The P5+1 and Iran finally reached an agreement on the Iranian nuclear program this week:
Iran reached a landmark nuclear agreement with the U.S. and five other world powers, a long-sought foreign policy goal of President Barack Obama that sets the White House on course for months of political strife with dissenters in Congress and in allied Middle Eastern nations.
A final, comprehensive nuclear deal with Iran is a real success for the U.S. and the other members of the P5+1. Even if a deal had not been reached, the negotiations over the last two years had demonstrated the potential of engaging Iran directly in diplomacy. Now that these negotiations have definitely borne fruit, there may be a chance for continued engagement with Iran on other issues. There is no guarantee of that, and there is enormous opposition to making the effort, but it would be worth attempting. While there has been a fair amount of speculation about a coming detente with Iran, that will depend on how current and future governments in Washington and Tehran decide to use the opening that this deal provides.
The next and most important step will be implementing the agreement on both sides, and there will be constant pressure from hard-liners to find excuses to scrap the agreement in the months and years to come. Concluding the deal doesn’t mean that the efforts to sabotage and blow it up will end. On the contrary, we can expect redoubled effort from Iran hawks that have so far been unable to block a deal. Having failed to derail the deal, hard-liners will still be eager to take advantage of any weaknesses in the deal to try to wreck it.
The WSJ report summarizes the contents of the deal:
At the heart of the agreement between Iran and the six powers—the U.S., U.K., Russia, China, Germany and France—is Tehran’s acceptance of strict limits on its nuclear activities for 10 years. These are supposed to ensure that the country remains a minimum of 12 months away from amassing enough nuclear fuel for a bomb. After the 10-year period, those constraints will ease in the subsequent five years.
This will limit Iran’s nuclear program more effectively than a decade of sanctions and coercive methods ever did, and it makes Iran’s acquisition of a nuclear weapon much less likely than any other available course of action. The alternatives that Iran hawks have been proposing for the last two years–ending negotiations, more sanctions, threatening or taking military action–would have left Iran’s program under fewer constraints and would have pushed Iran towards building nuclear weapons. It is important to remember that the loudest, shrillest opponents of this deal would have made a nuclear-armed Iran more likely if they had their way. So when the hard-liners start their inevitable cries of “appeasement” and “surrender” start, keep in mind that their “solution” would have failed and backfired as usual. If the deal is implemented fully, this should take the nuclear issue with Iran off the agenda for at least the next decade and possibly much longer than that.

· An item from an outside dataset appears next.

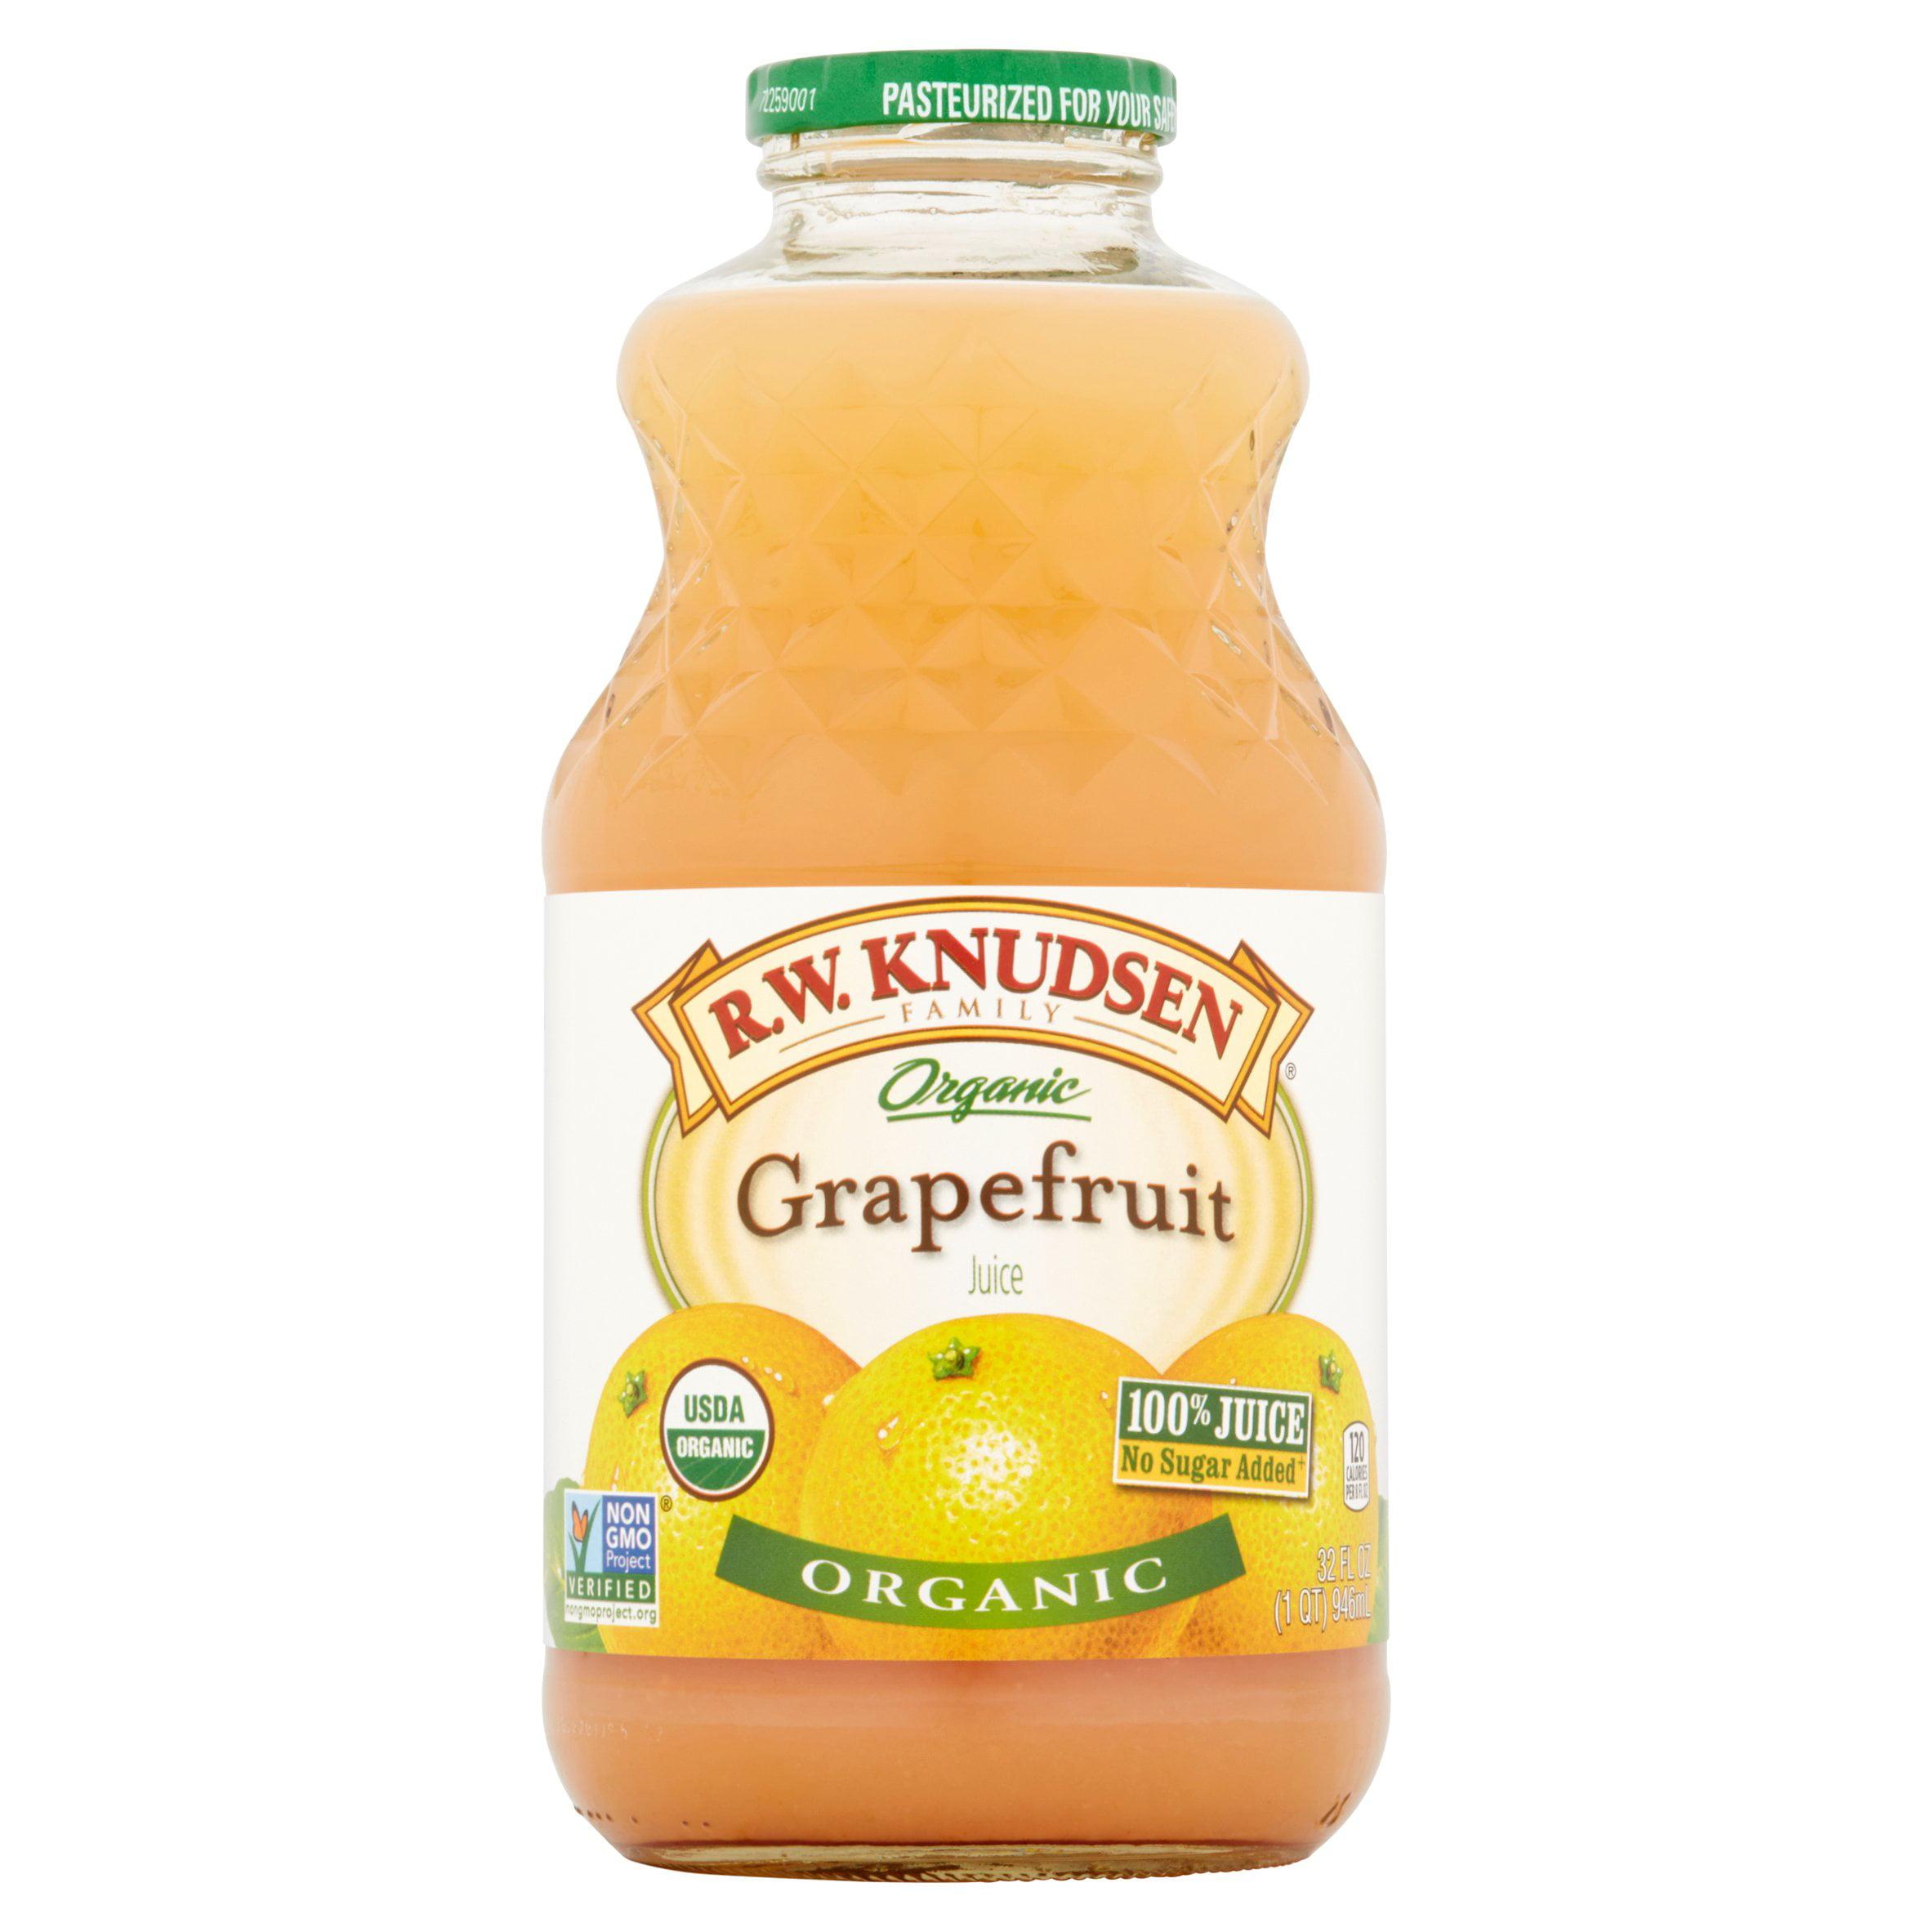 R.W. Knudsen Organic Grapefruit Juice, 32.0 FL OZ by Knudsen & Sons, Inc.

It is too early to know how the deal will affect internal conditions in Iran, but it is probable that Rouhani’s success in these talks will give him more room to push for some measure of economic and social reform. Sanctions relief will take some of the economic pressure off of the Iranian people, and especially the Iranian middle class, and that will gradually aid the cause of Iranian opposition groups that the sanctions have been helping to strangle. There aren’t likely to be any dramatic changes in Iran’s internal politics, but reducing sanctions can only help loosen the grip of the regime and the hard-liners that they have strengthened in the past.

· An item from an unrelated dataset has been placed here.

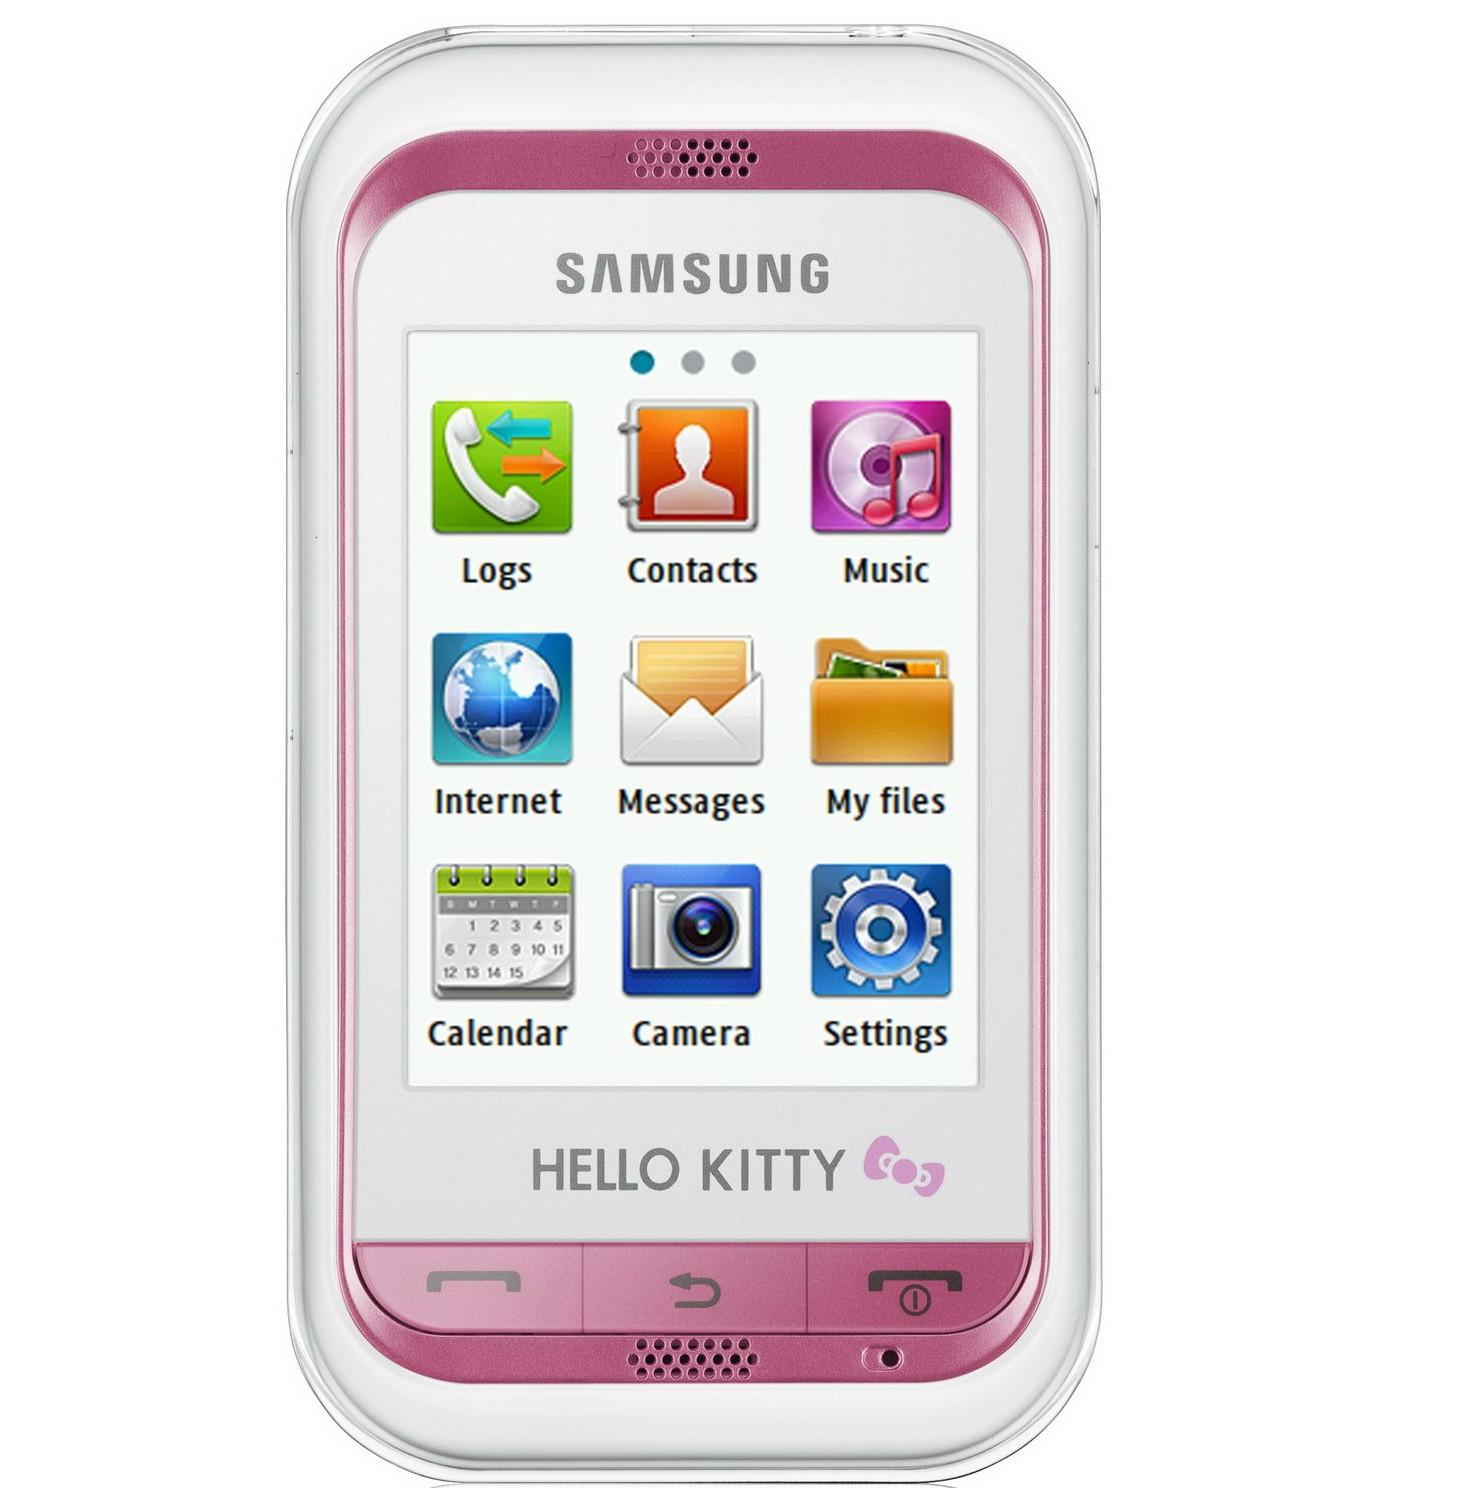 http://3.bp.blogspot.com/-kxG4zcbsU2s/Tte06uWPgVI/AAAAAAAALD8/5yoAnKH5oJI/s1600/Samsung%2BC3300%2BHello%2BKitty.jpg

This is a significant achievement by the Obama administration, and Obama and Kerry deserve credit for persevering and seeing the negotiations through to this point. It would have been extremely easy for Obama to buckle under domestic political criticism, and in this instance he didn’t end up yielding to what his hawkish detractors demanded. When it comes to arms control and nonproliferation, Obama has often been much more willing to take risks than on many other issues, and he has done so again here. A president less committed to nonproliferation probably would not have supported these talks for this long, and an administration that was less interested in diplomatic engagement would never have started them in the first place.
The future success of the deal will depend on support and compliance from the next administration, so it is not guaranteed that the U.S. will keep up its end of the bargain after 2017. When many of our Republican presidential candidates vow to scrap the deal as soon as they are in office, we should take them at their word. Scrapping the deal would be costly for the U.S. and would scandalize our major allies that have worked with our government to conclude the agreement. We can hope that even a very hawkish president would come to recognize the folly of undoing a deal with Iran in the future, but that isn’t something anyone should count on.